» ENTRIES SUPPLIED
====================
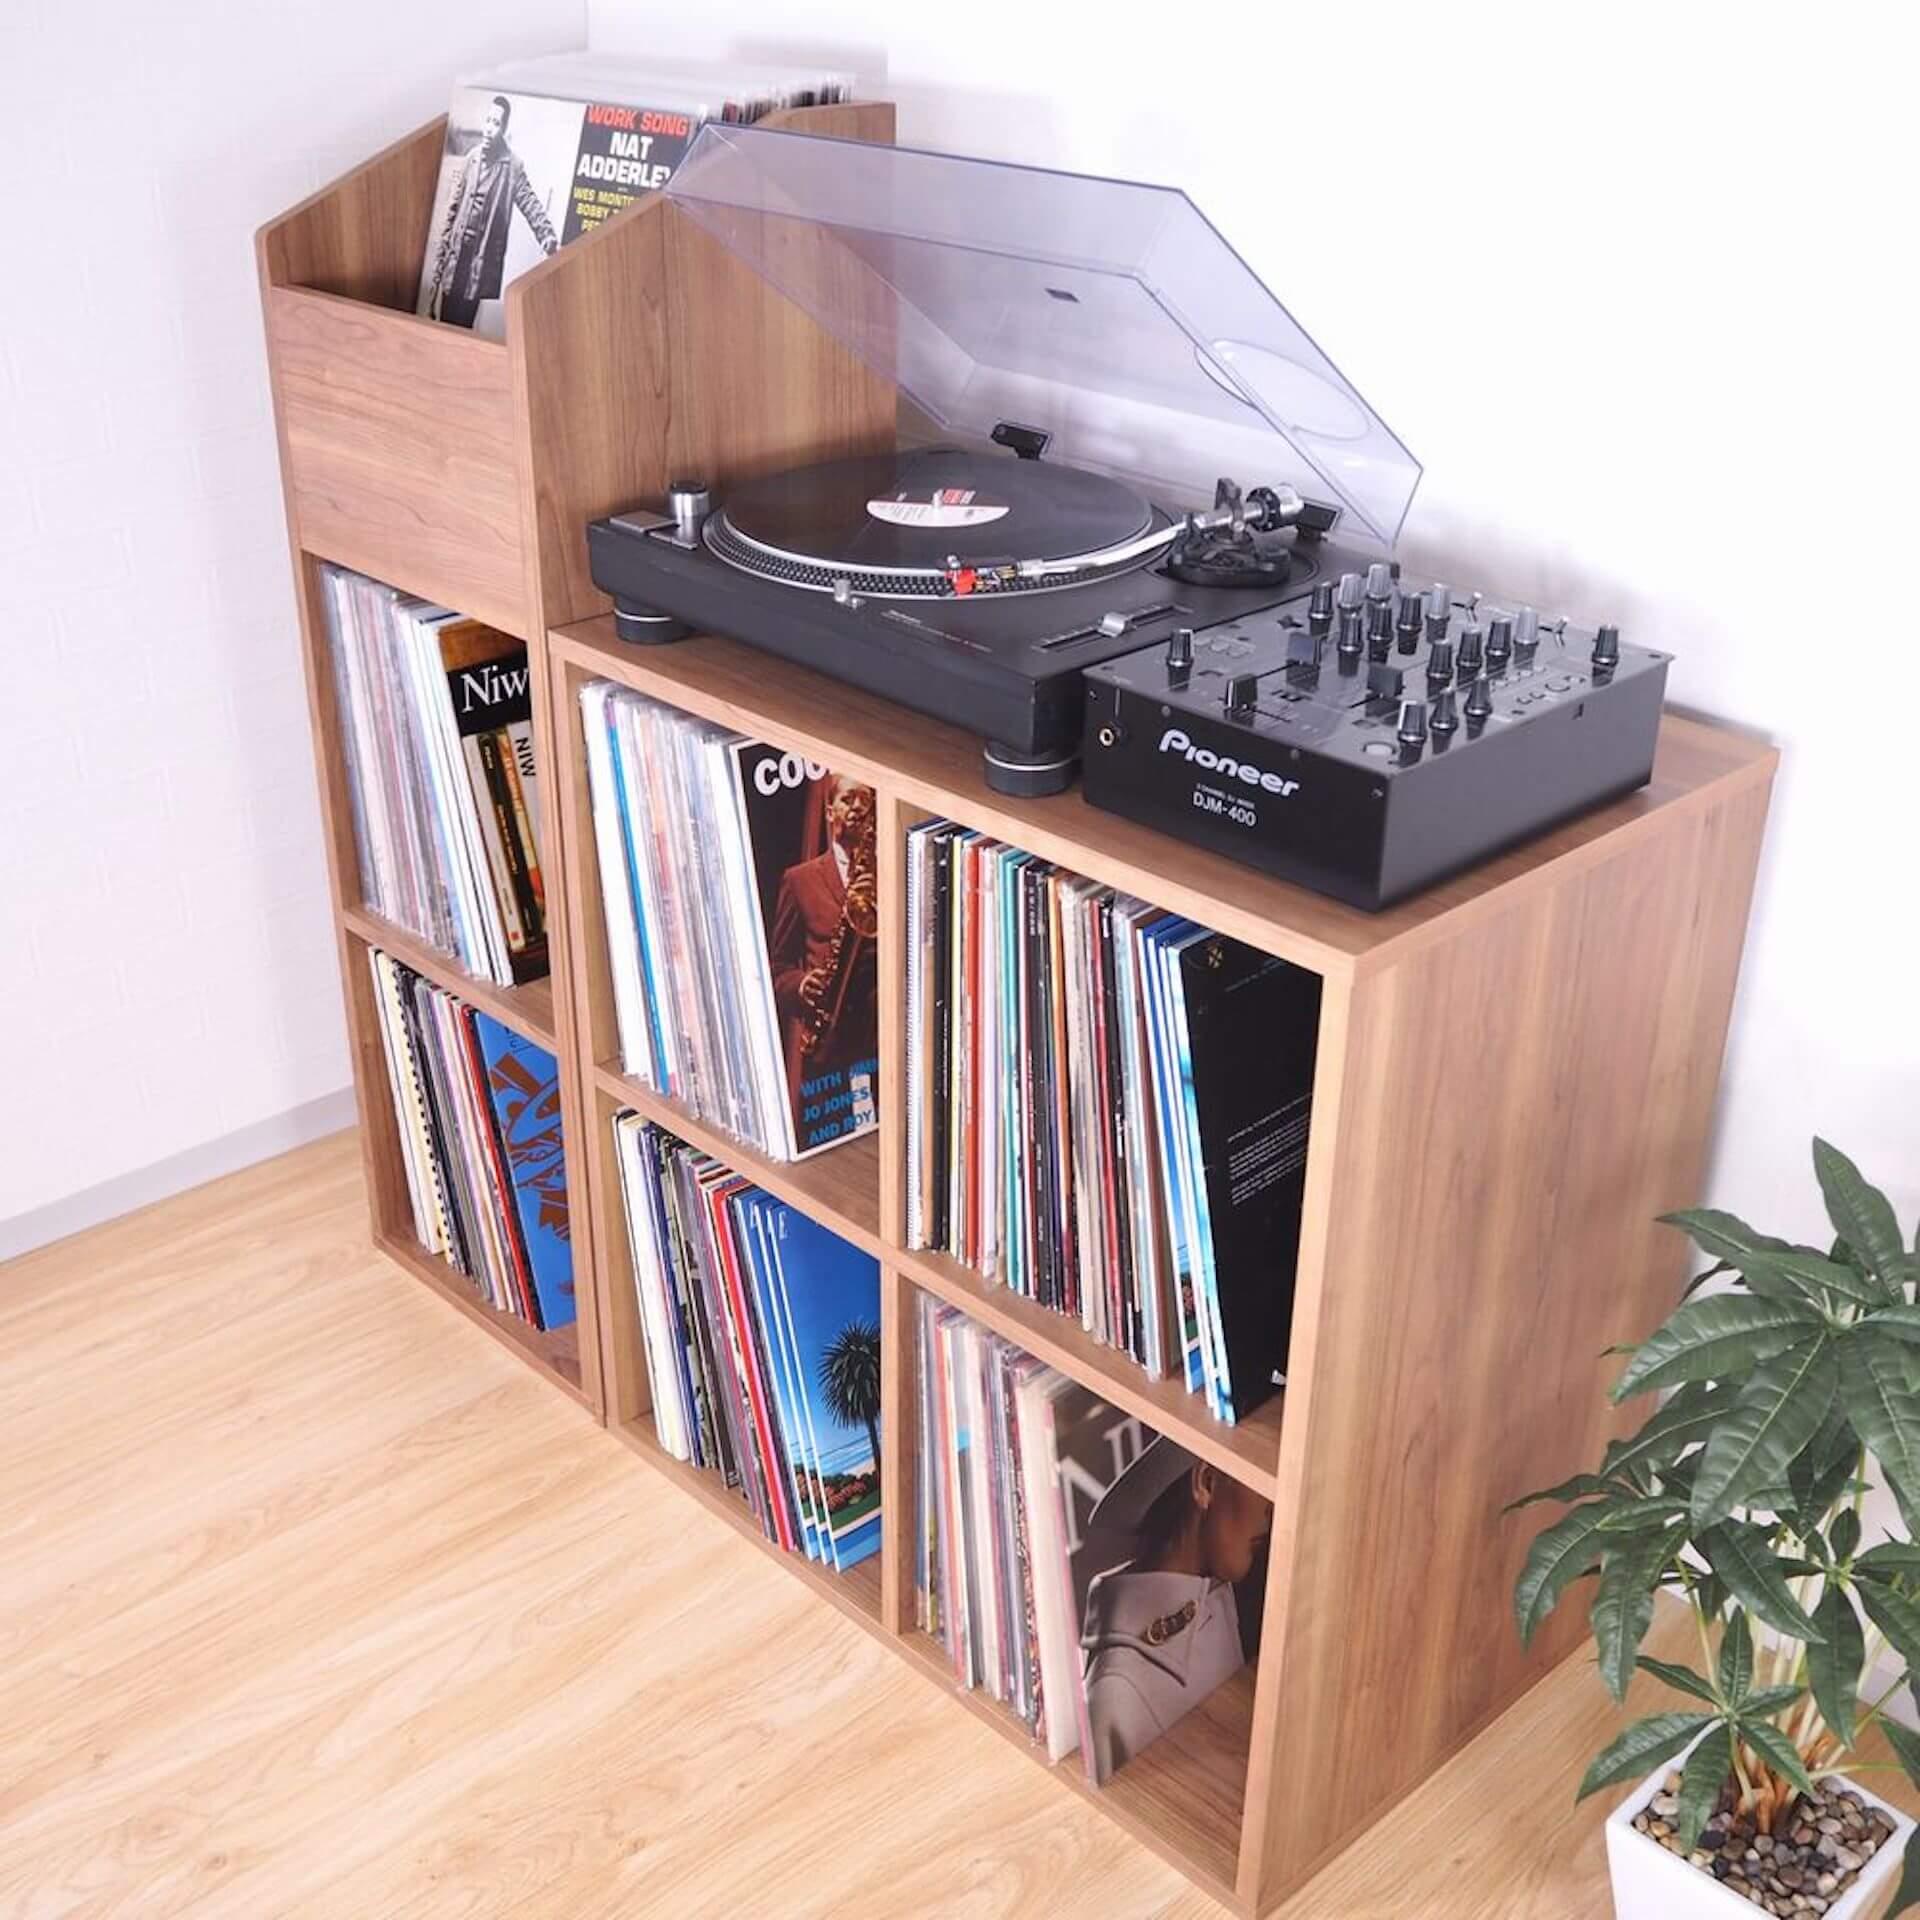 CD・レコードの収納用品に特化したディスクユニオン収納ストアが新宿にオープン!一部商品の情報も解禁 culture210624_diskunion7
====================
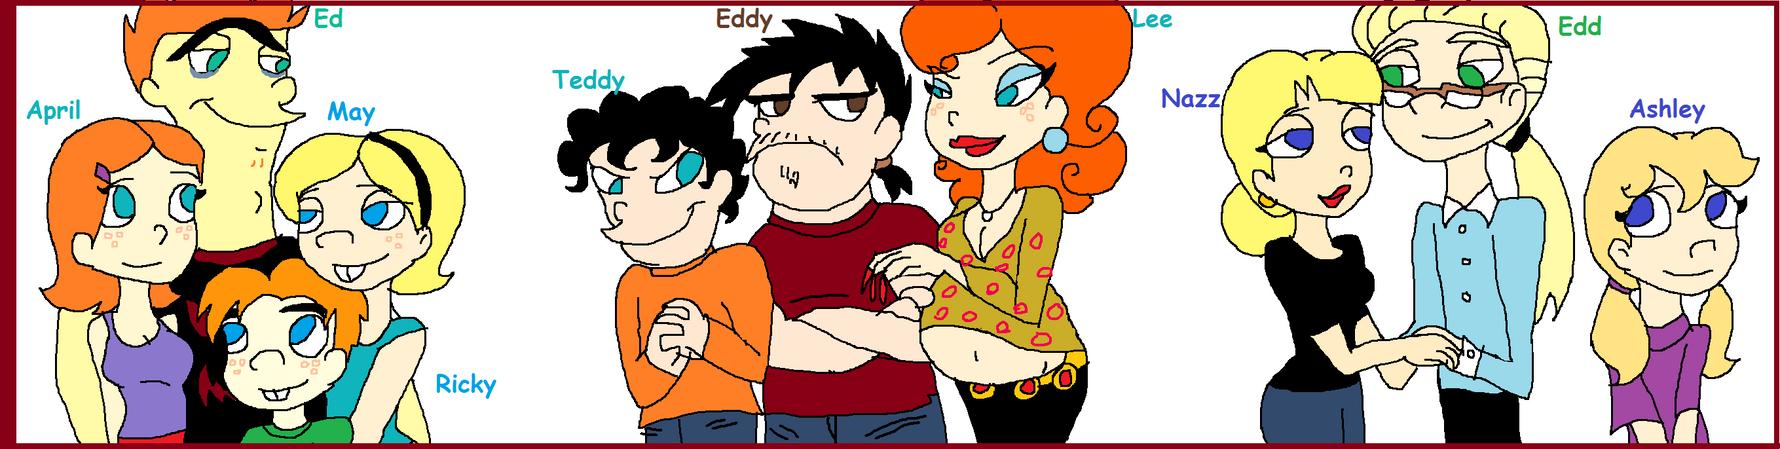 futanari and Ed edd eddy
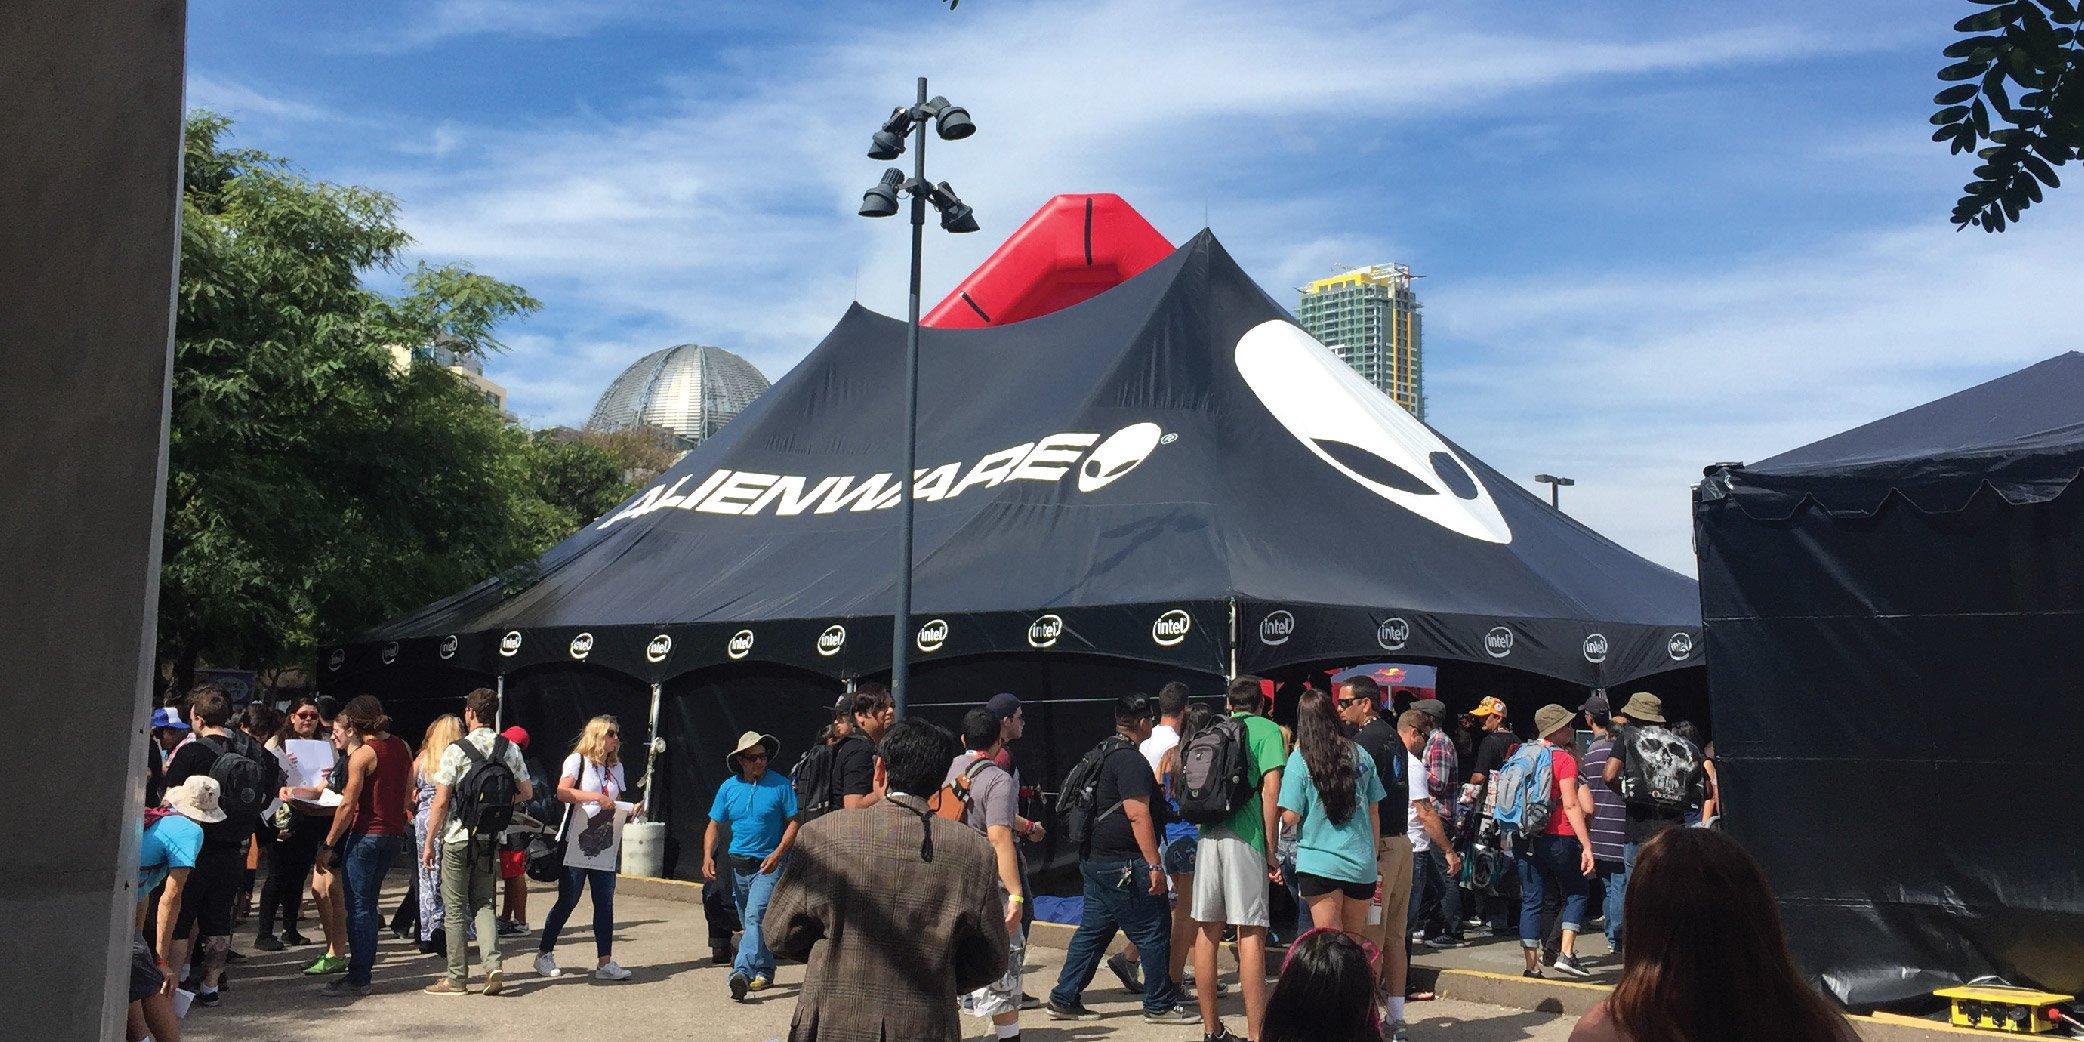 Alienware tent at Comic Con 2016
====================
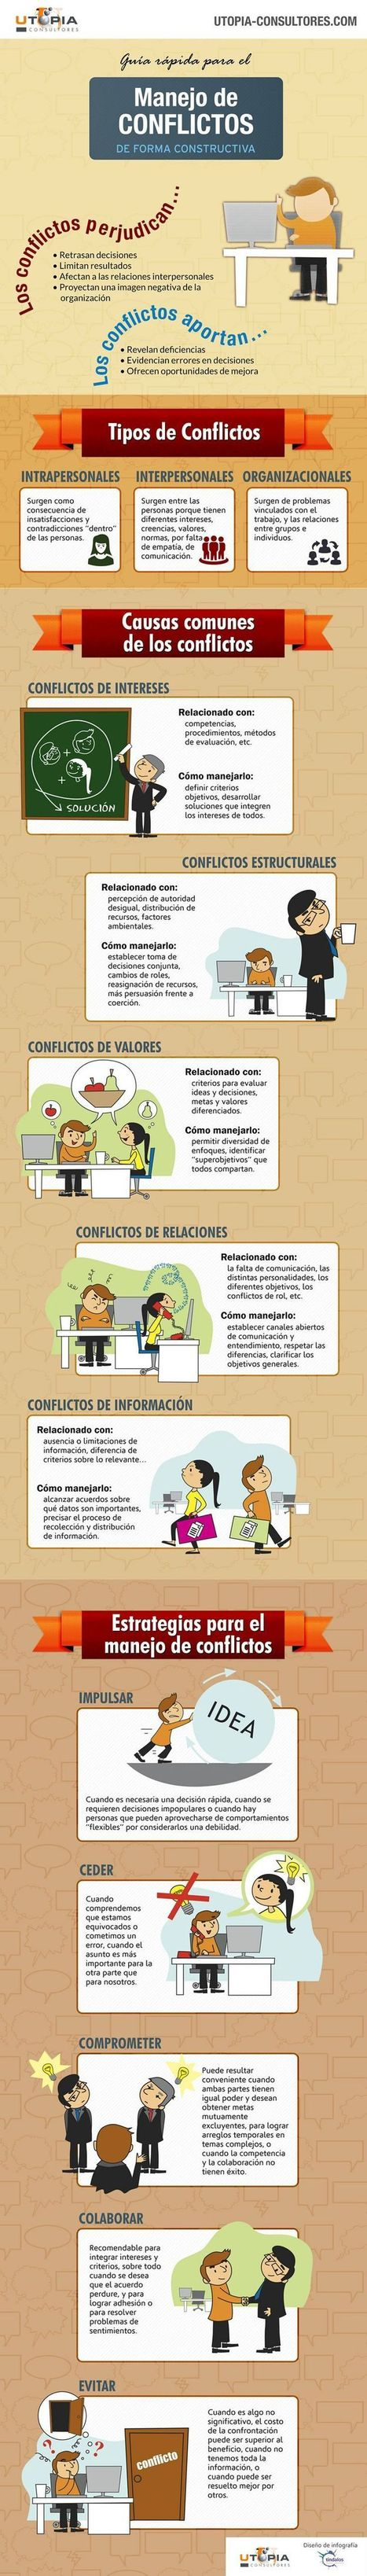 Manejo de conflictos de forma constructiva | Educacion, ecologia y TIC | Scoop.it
====================
Your reply should hold nothing but the lines above, from the one containing "futanari and Ed edd eddy" to the one containing "Alienware tent at Comic Con 2016", reproduced exactly minus the pictures.

 futanari and Ed edd eddy
 Alienware tent at Comic Con 2016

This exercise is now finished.